Post-attack pictures of the damage at the Armavir radar station in Krasnodar. Russian military assessment of the drone attack is in marked contrast to the hype of western reporting. "We may be talking about partial shrapnel damage to the high-voltage power lines of the transceiver modules. At the same time, the blocks of transceiver modules themselves (together with amplifiers, phase shifters and cooling circuits) could receive minimal damage, as indicated by the absence of traces of direct hits from drones into active antenna arrays. Considering the modular design of Voronezh-DM (and all stations of this type), we can expect a prompt restoration of the complex and its return to combat duty… The station serves as a means of monitoring ballistic missile launches at a distance of 6 thousand km and also detects high-altitude hypersonic aerodynamic means of aerospace attack. What kind of drone could be used to attack the radar? Initially, it was believed that for the strike on Voronezh-DM, the Main Intelligence Directorate simulated a complex low-altitude flight route for drones of the Lyuty or UJ-26 Beaver type, skirting the radar viewing sectors of the Russian Aerospace Forces anti-aircraft missile systems. However, later information appeared that British-Portuguese Tekever AR3 drones were used for the strike. Interestingly, this drone is designed using VTOL (vertical take-off) technology and could be deployed near the radar, probably several kilometres away. However, launch from the territory of Ukraine is not excluded. To build routes bypassing air defence systems, reconnaissance information from the US Air Force RQ-4 Global Hawk drone could be used. Let us recall that for several months now the focus of attention of the US Air Force RQ-4B data has been shifted specifically to the Krasnodar Territory, as can be seen from the flight route. What conclusion can be drawn? The strike on the Armavir station (and a likely attempt to hit another Voronezh-type radar 25 km from Orsk) may be part of a single operation to inflict painful media attacks. The use of British-Portuguese drones in this case may be the fundamental point since it is the British who are considered the ‘architects’ of many GUR (Ukrainian military intelligence) actions: attempts to land in Crimea and other campaigns in which the planned result was never achieved.”

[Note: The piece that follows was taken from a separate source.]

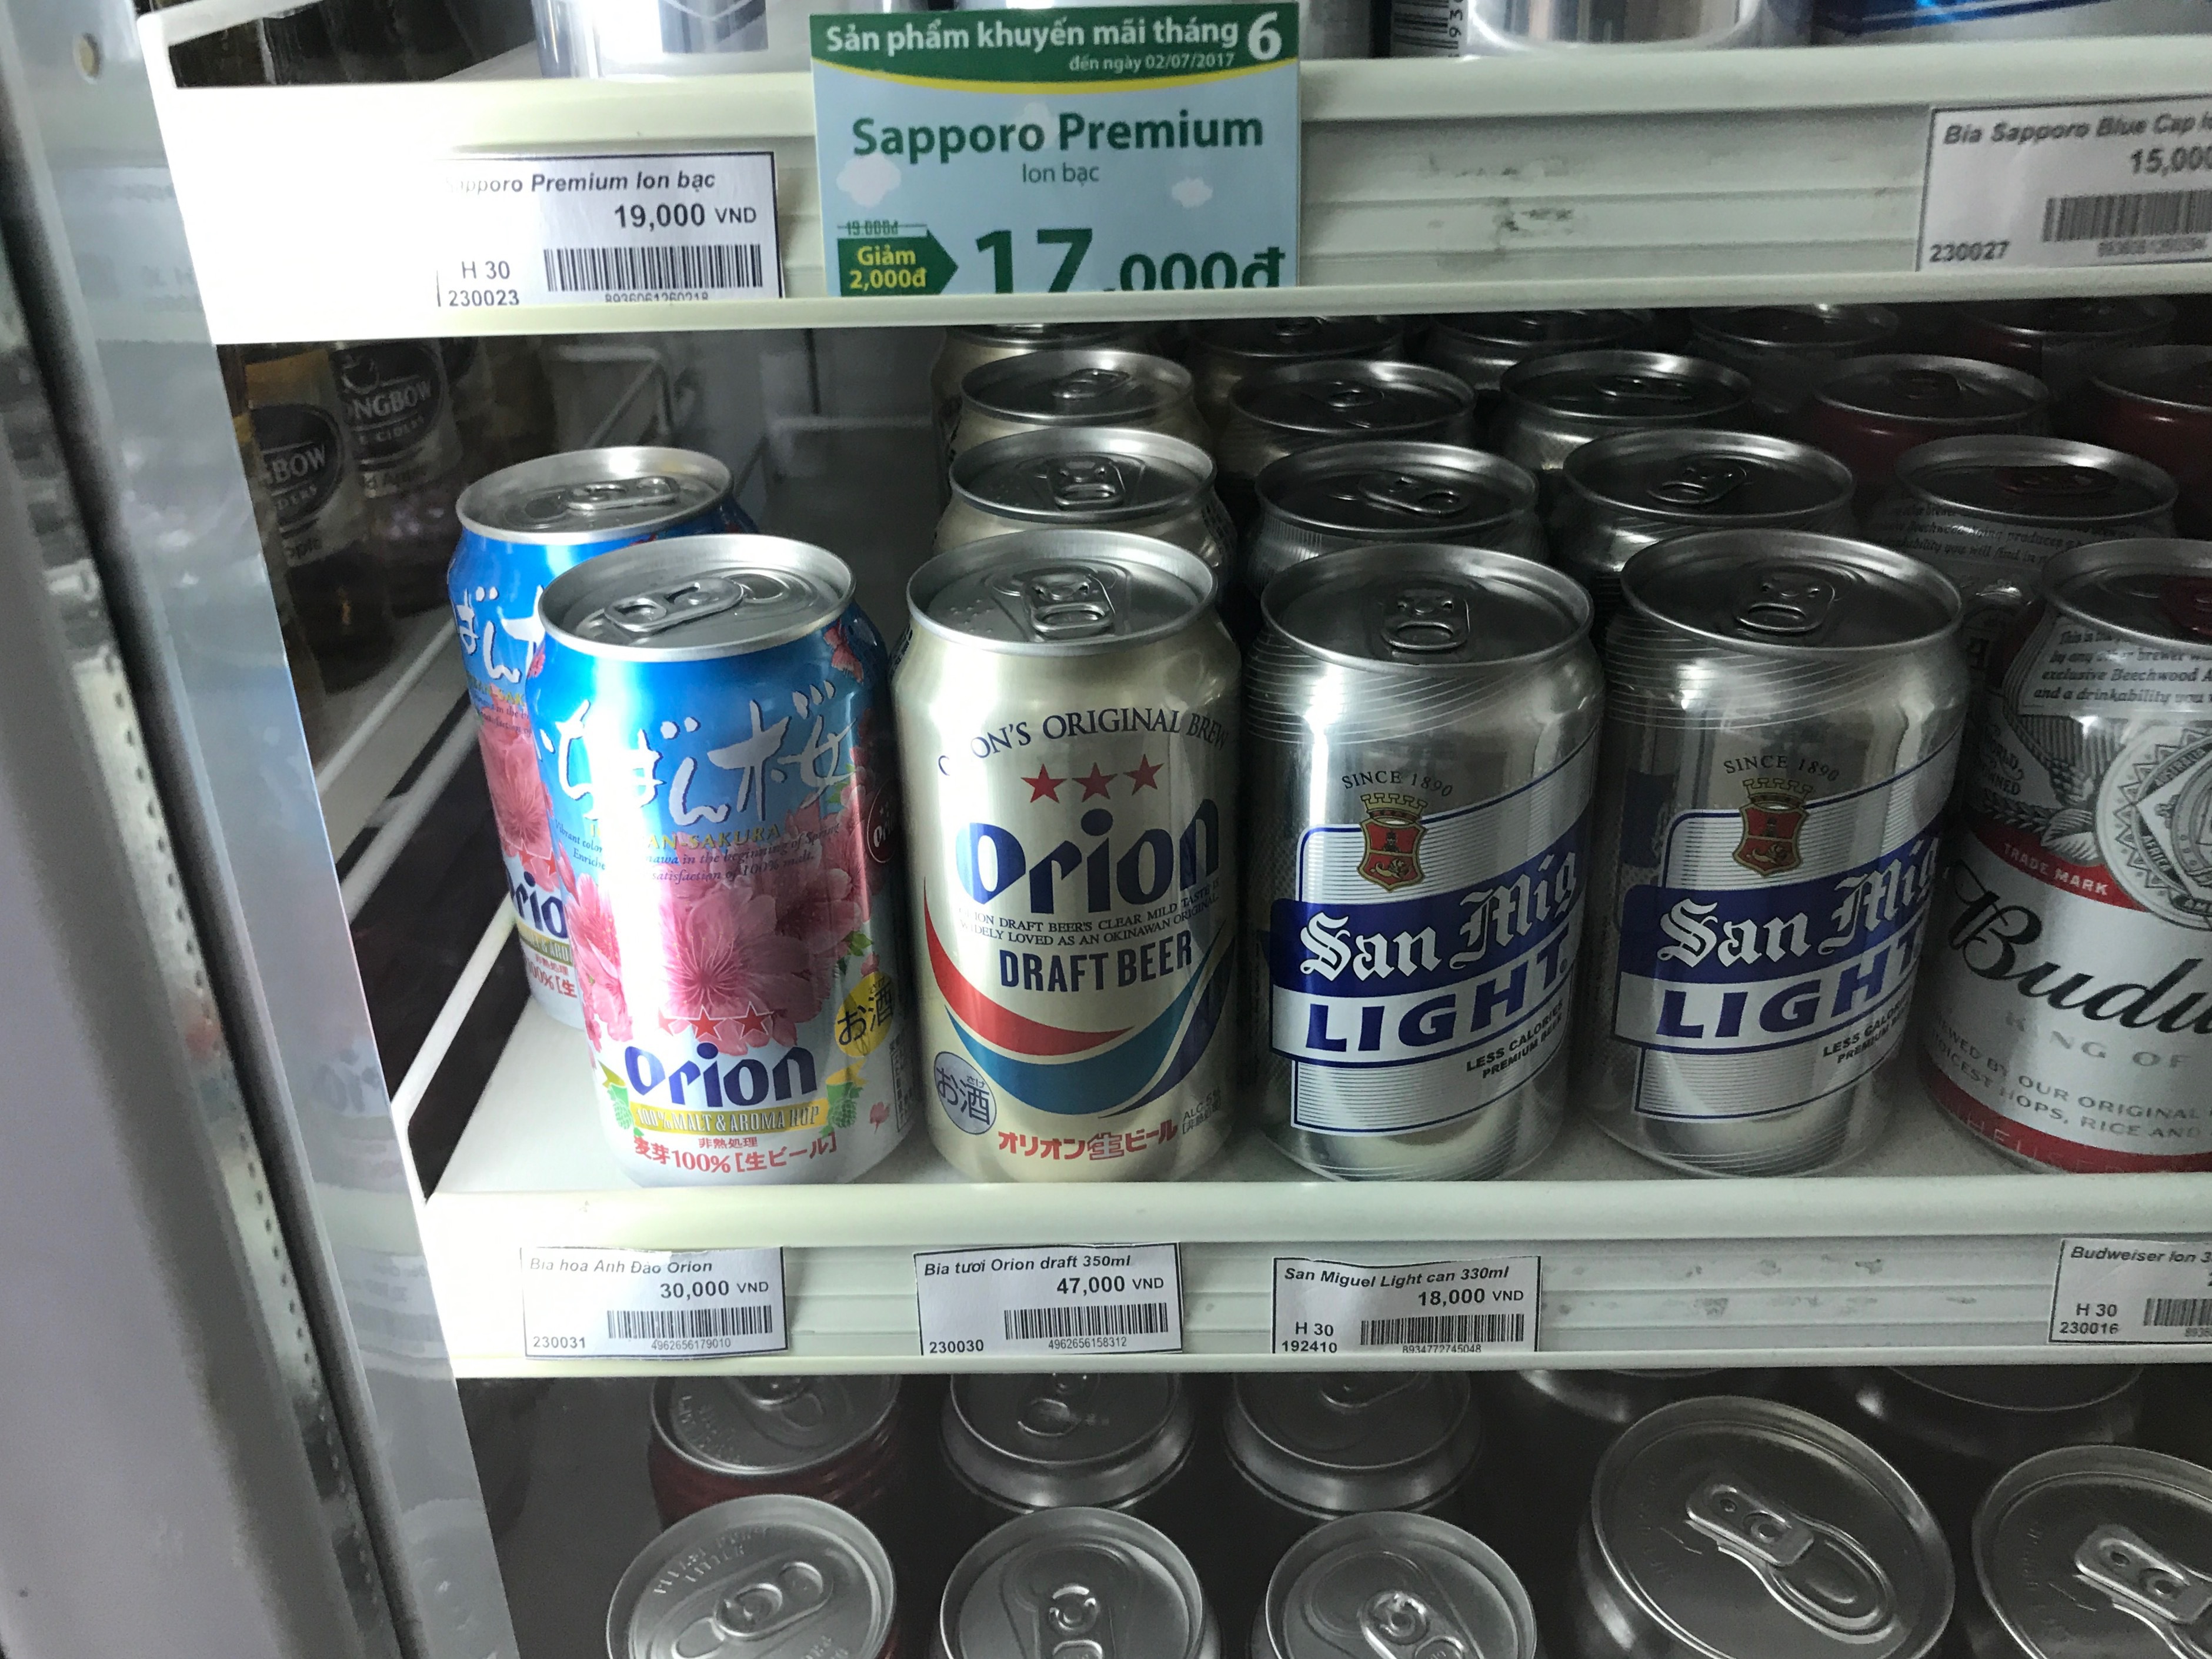 ベトナム ホーチミンのファミリーマートでオリオンビールを発見 ブンタウで奮闘する日本人のブログ

Veteran US military observers are not optimistic about the rationality of the US and British officers directing the Ukraine operation. They warn that the British, and the CIA, are placing too much faith in game-changing special operations and their own cleverness in coming up with them. According to the source, “What we are seeing, also with Israel, is a spectacular and brutal tantrum that, after years of impunity, has the opposite effect of the original intent. Neither side is incapable of playing nuclear chicken; most would say it would be insane to do so. But they believe that special operations playing nuclear chicken with Russia is smart and potentially effective.”
“So I think there will be a nuclear war. The people who run the Western countries are determined that if they cannot govern themselves, then there is no one to govern. I think we now have to consider whether British and Ukrainian insanity will prevail over American cowardice.”